• **EXERCISE DATA**:
********

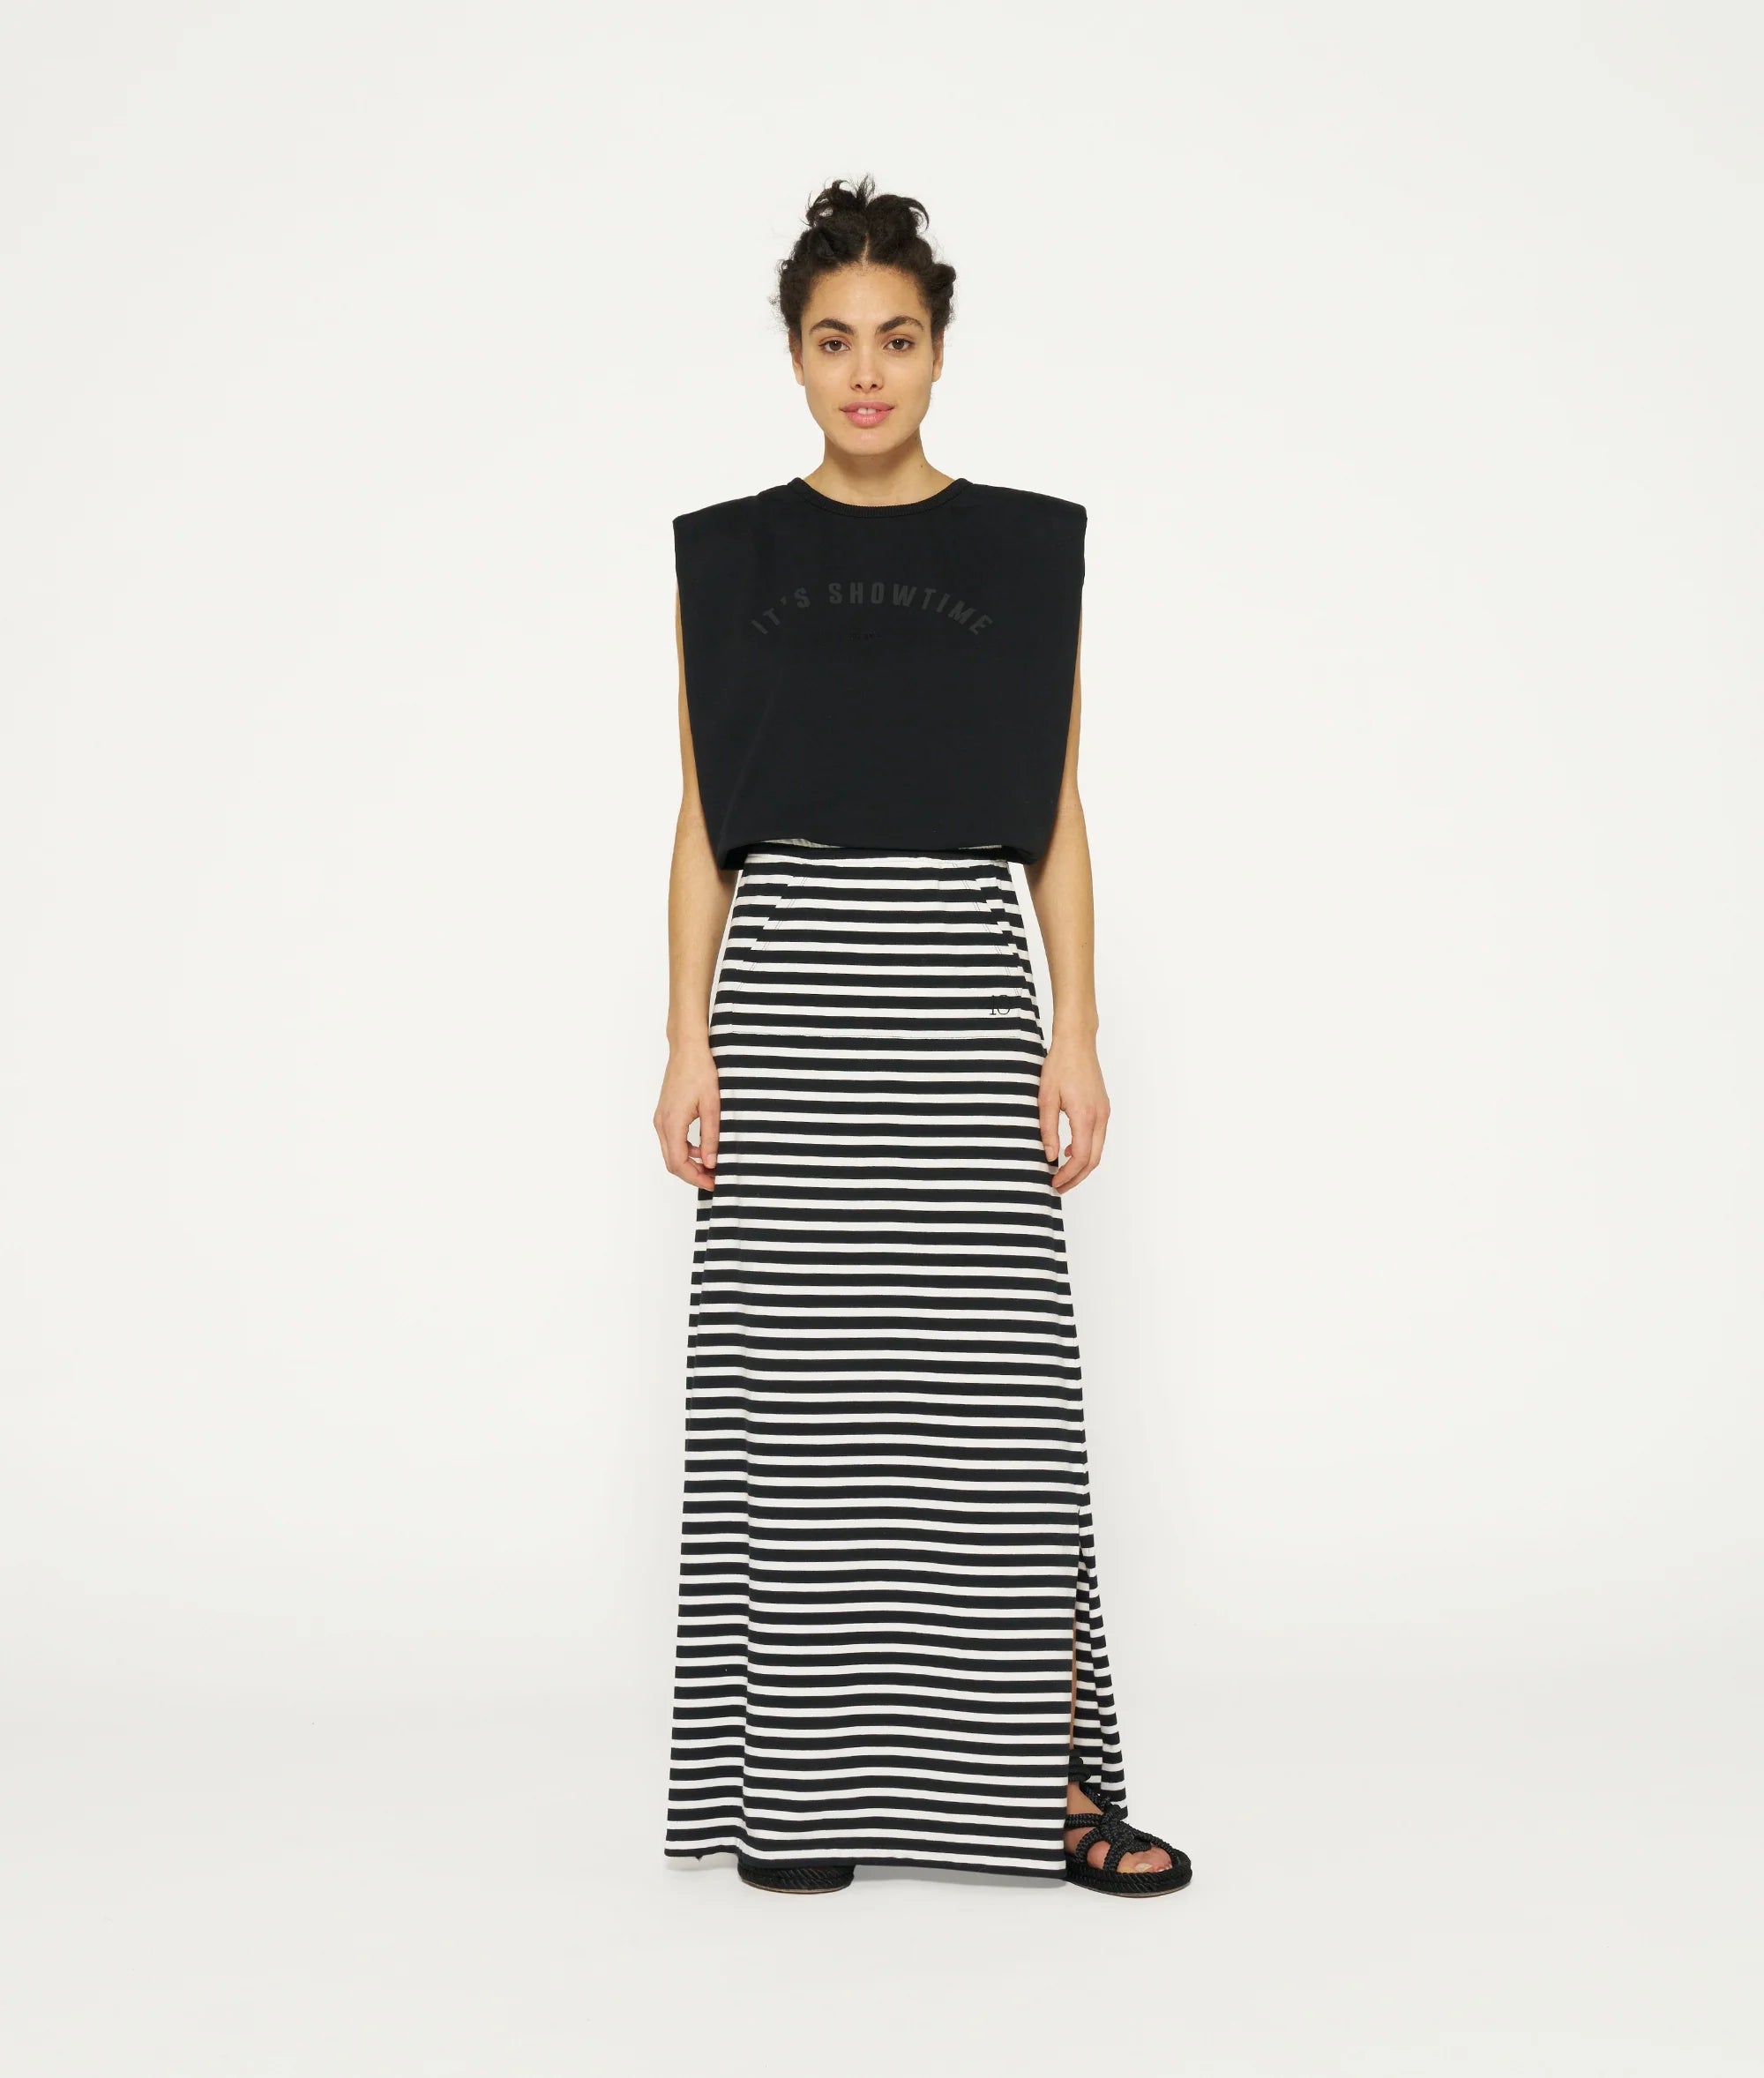 Long skirt stripes black/ecru - 10 days
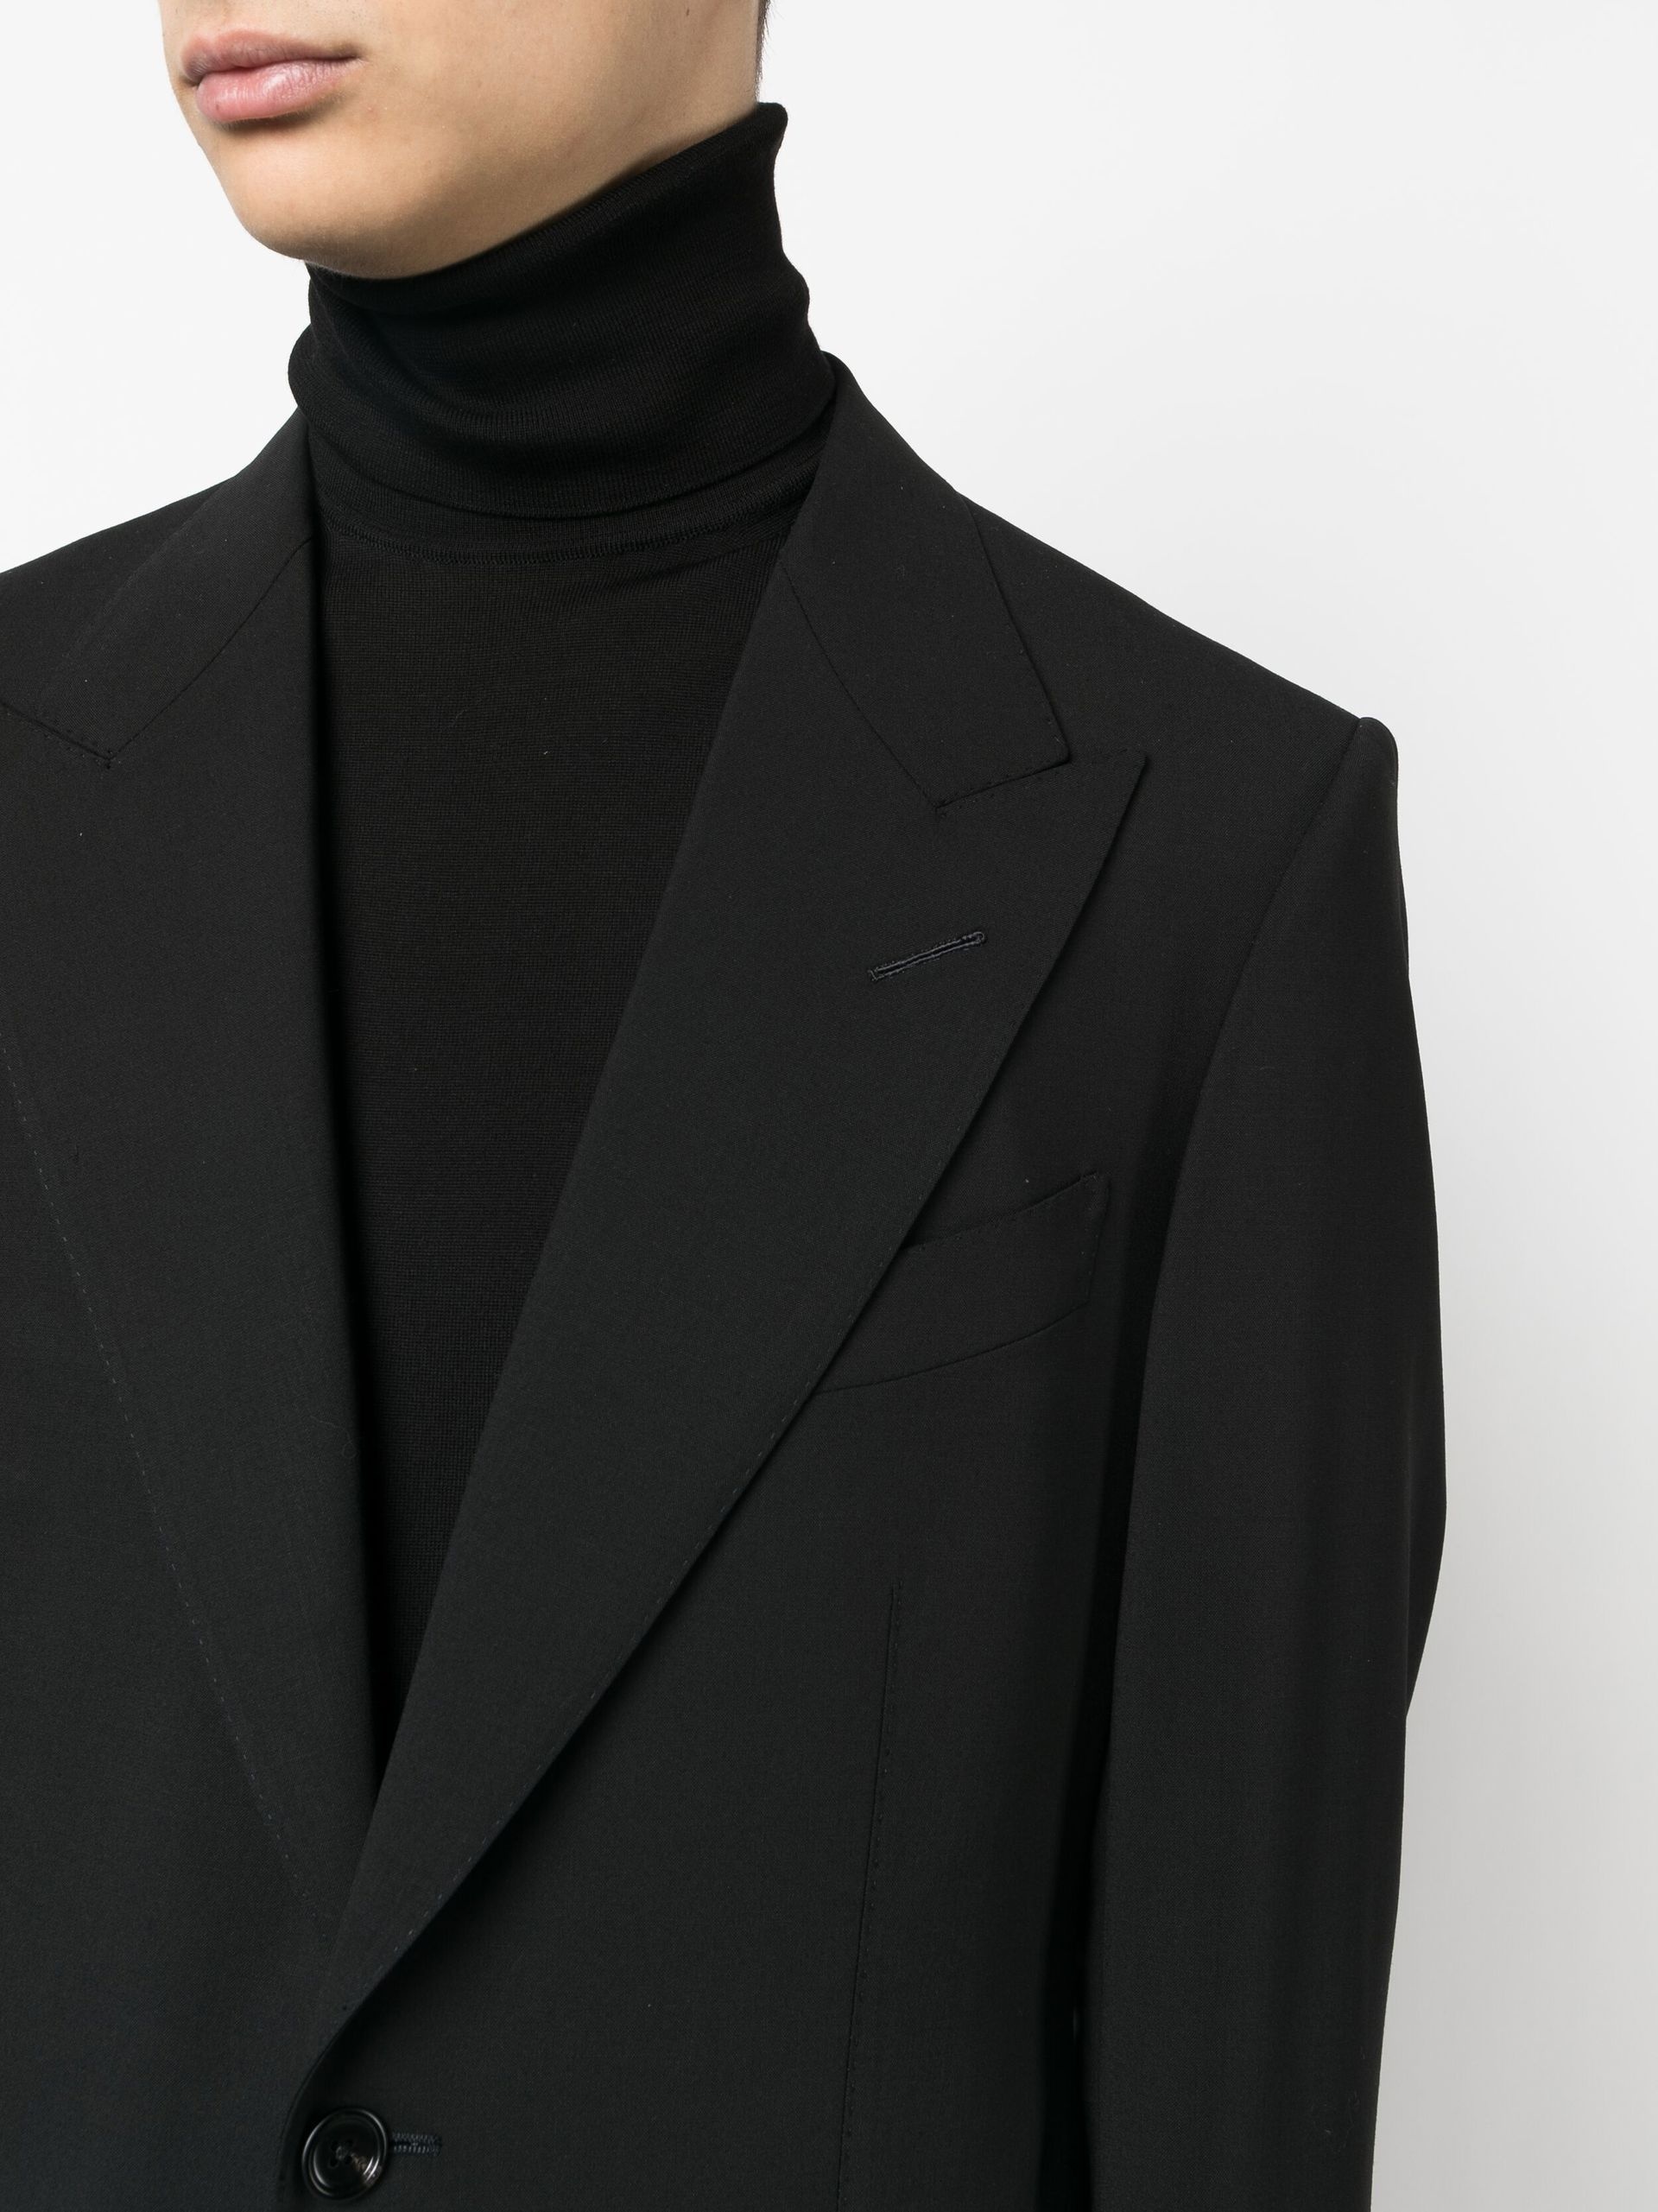 black Shelton single-breasted wool suit - 5
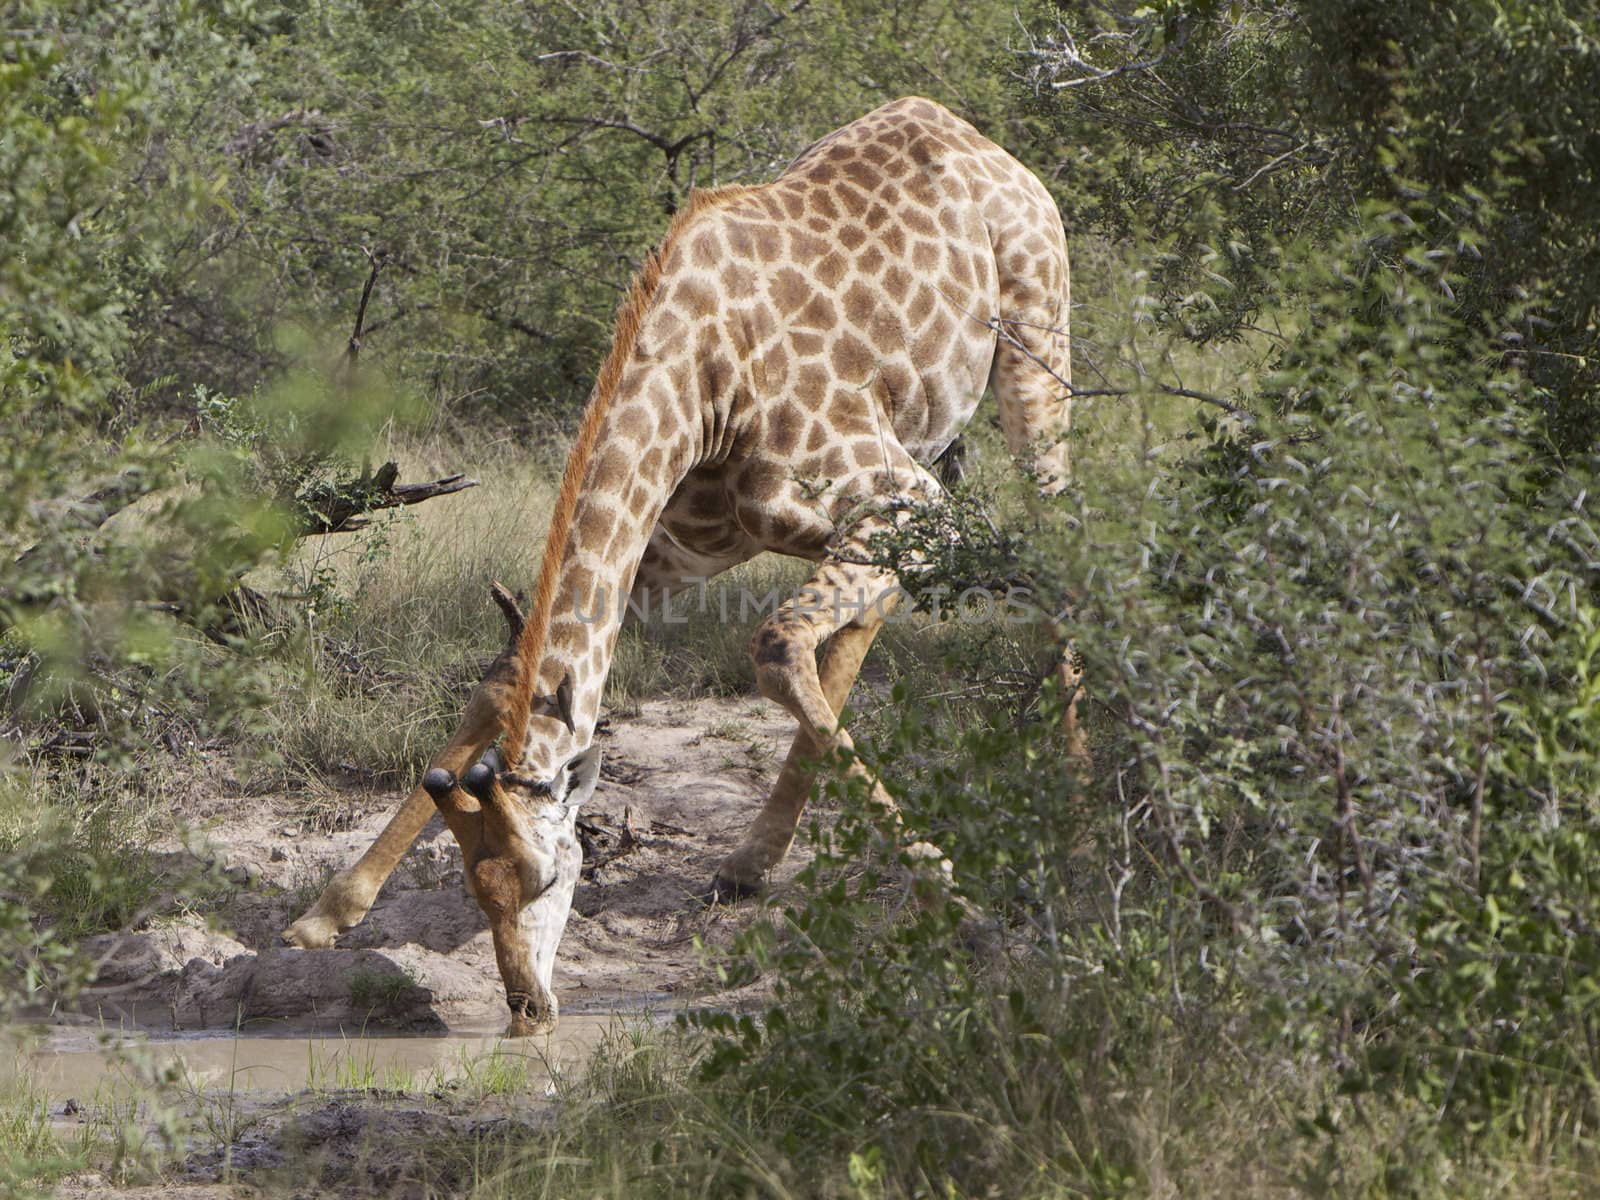 Giraffe drinking (Giraffa camelopardalis) Kruger National Park, South Africa

********

• **WHAT YOU HAVE TO DO**: Copy the data verbatim, skipping any image it holds.

• **WRITTEN SOLUTION**:
 Long skirt stripes black/ecru - 10 days
 black Shelton single-breasted wool suit - 5
 Giraffe drinking (Giraffa camelopardalis) Kruger National Park, South Africa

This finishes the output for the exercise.